----- Recorded data

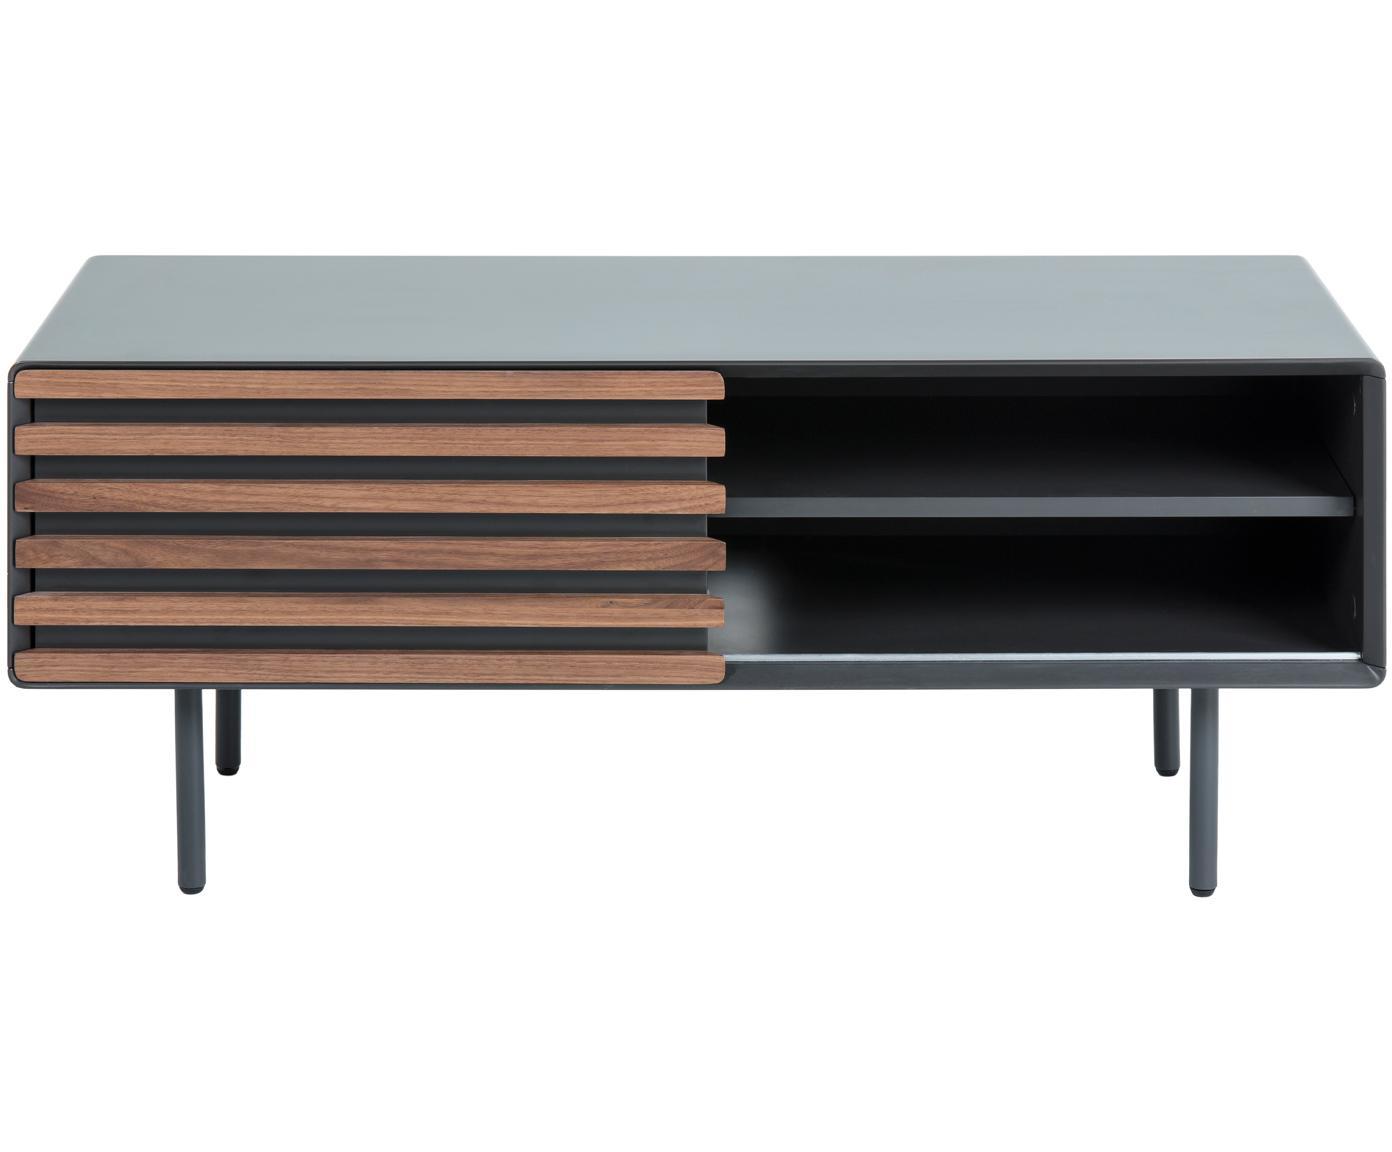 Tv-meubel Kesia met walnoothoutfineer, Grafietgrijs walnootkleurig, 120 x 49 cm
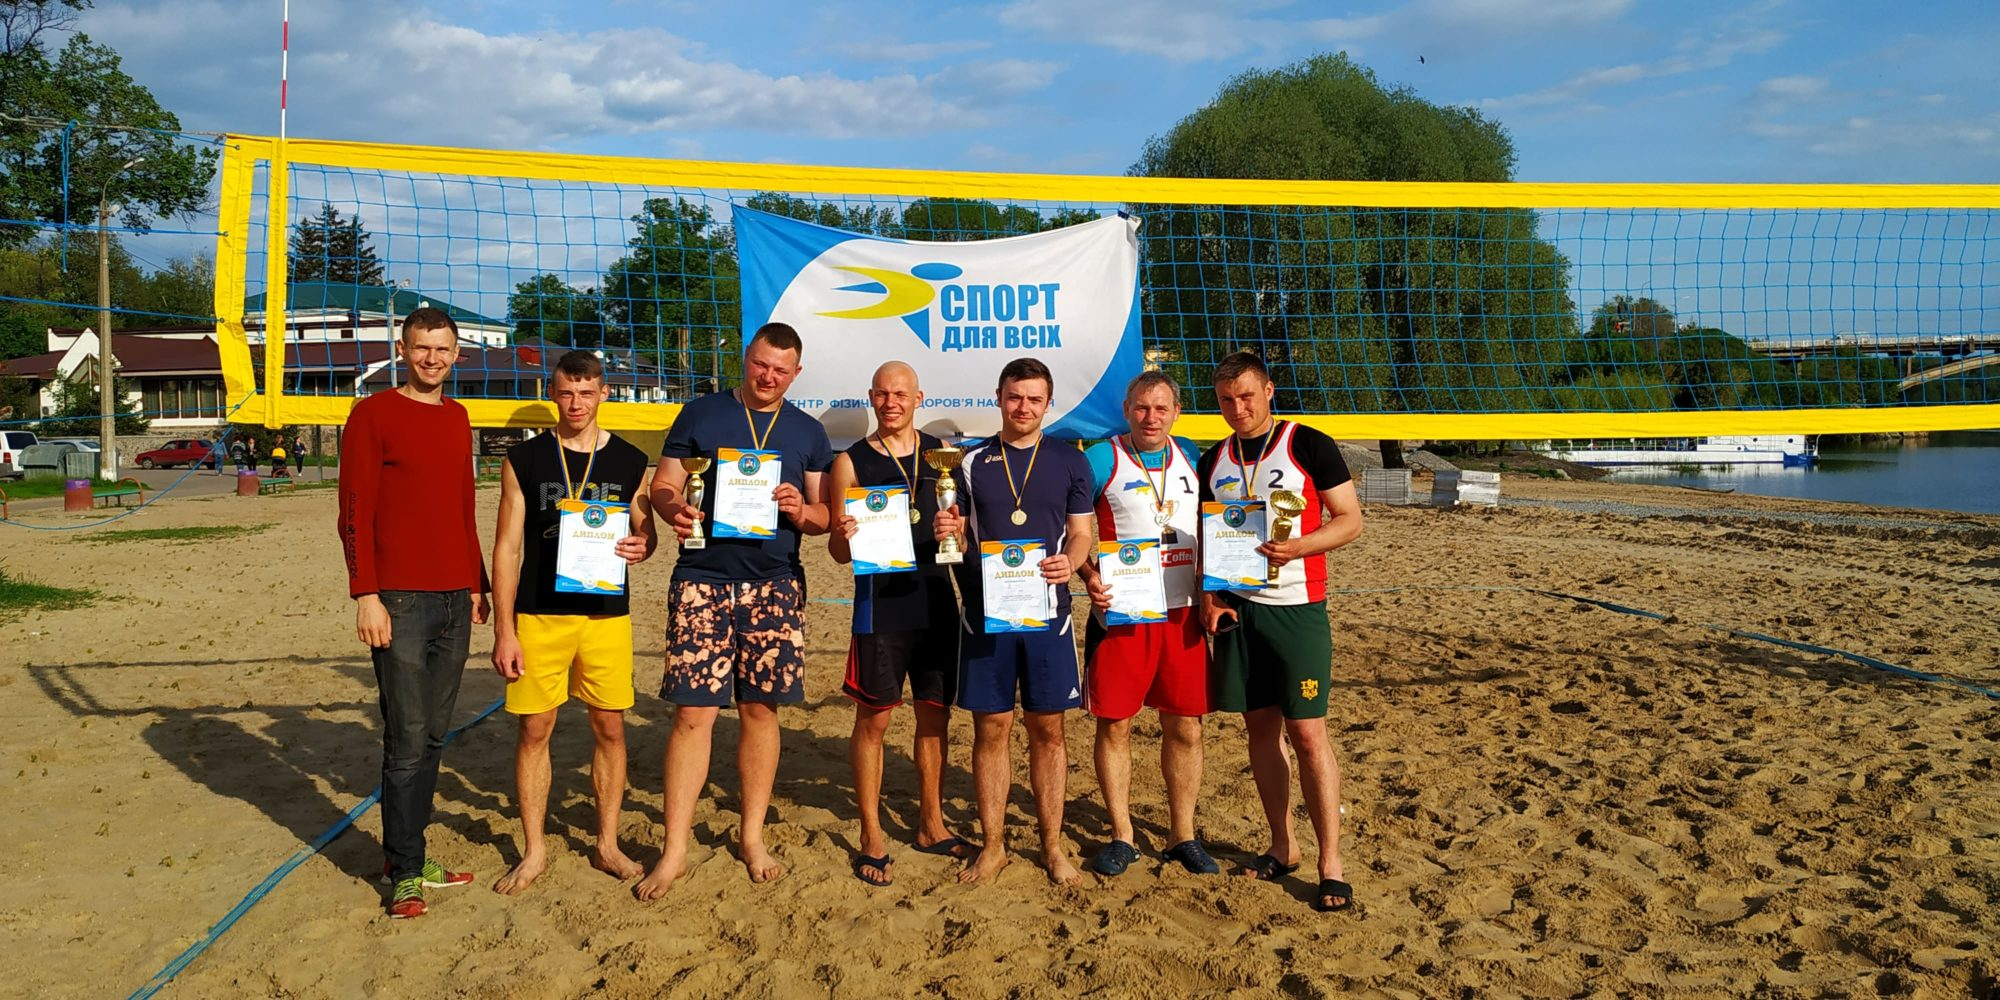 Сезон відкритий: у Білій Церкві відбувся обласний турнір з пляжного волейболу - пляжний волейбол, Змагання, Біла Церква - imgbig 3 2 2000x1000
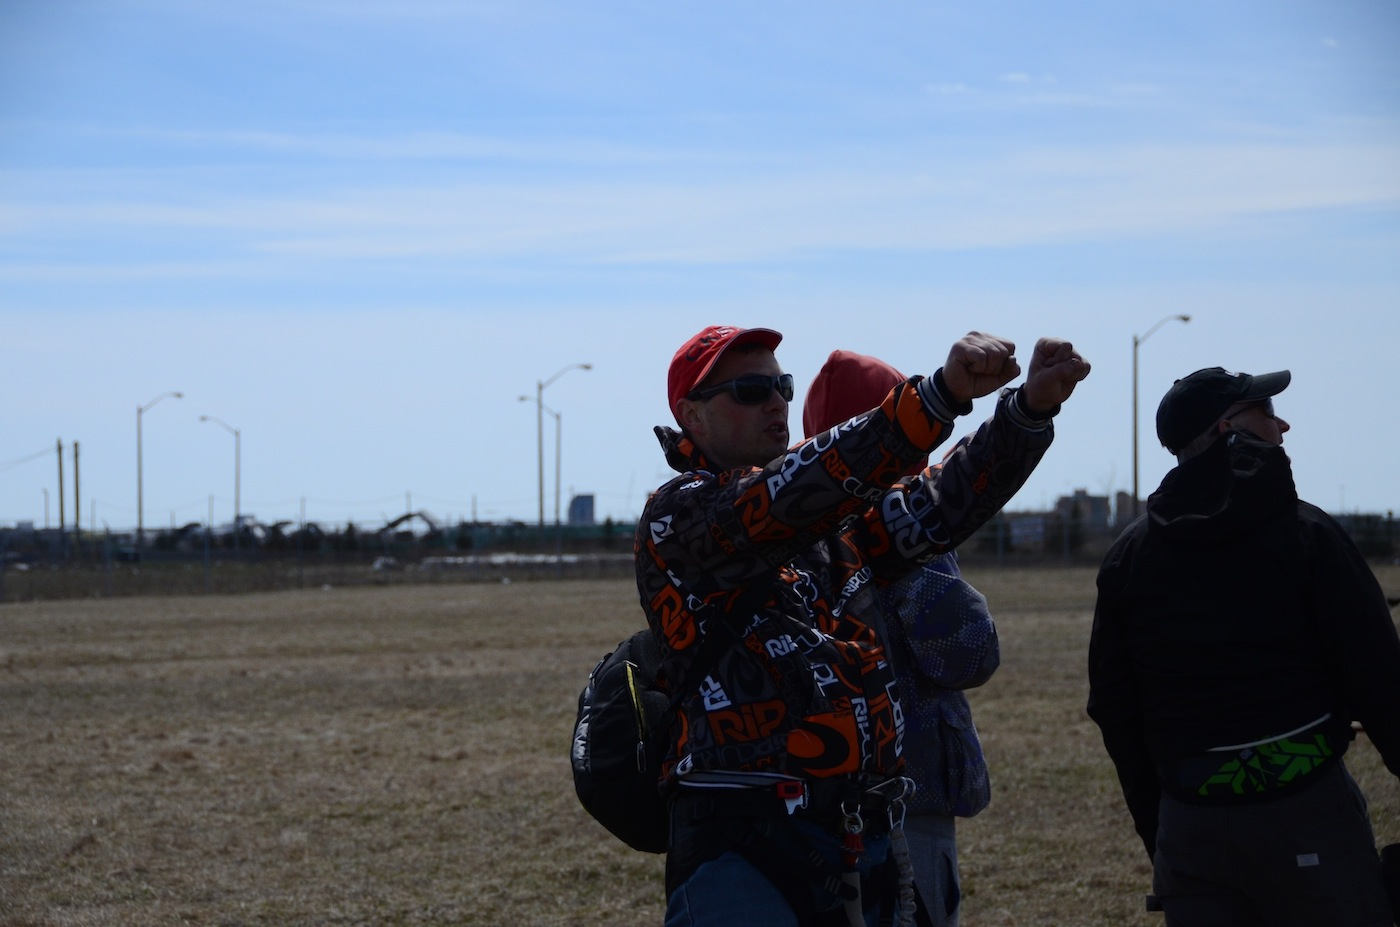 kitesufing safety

----------

What the exercise asks: Write out the data word for word, with every picture dropped.

Answer for the task:
 Tv-meubel Kesia met walnoothoutfineer, Grafietgrijs walnootkleurig, 120 x 49 cm
 Сезон відкритий: у Білій Церкві відбувся обласний турнір з пляжного волейболу - пляжний волейбол, Змагання, Біла Церква - imgbig 3 2 2000x1000
 kitesufing safety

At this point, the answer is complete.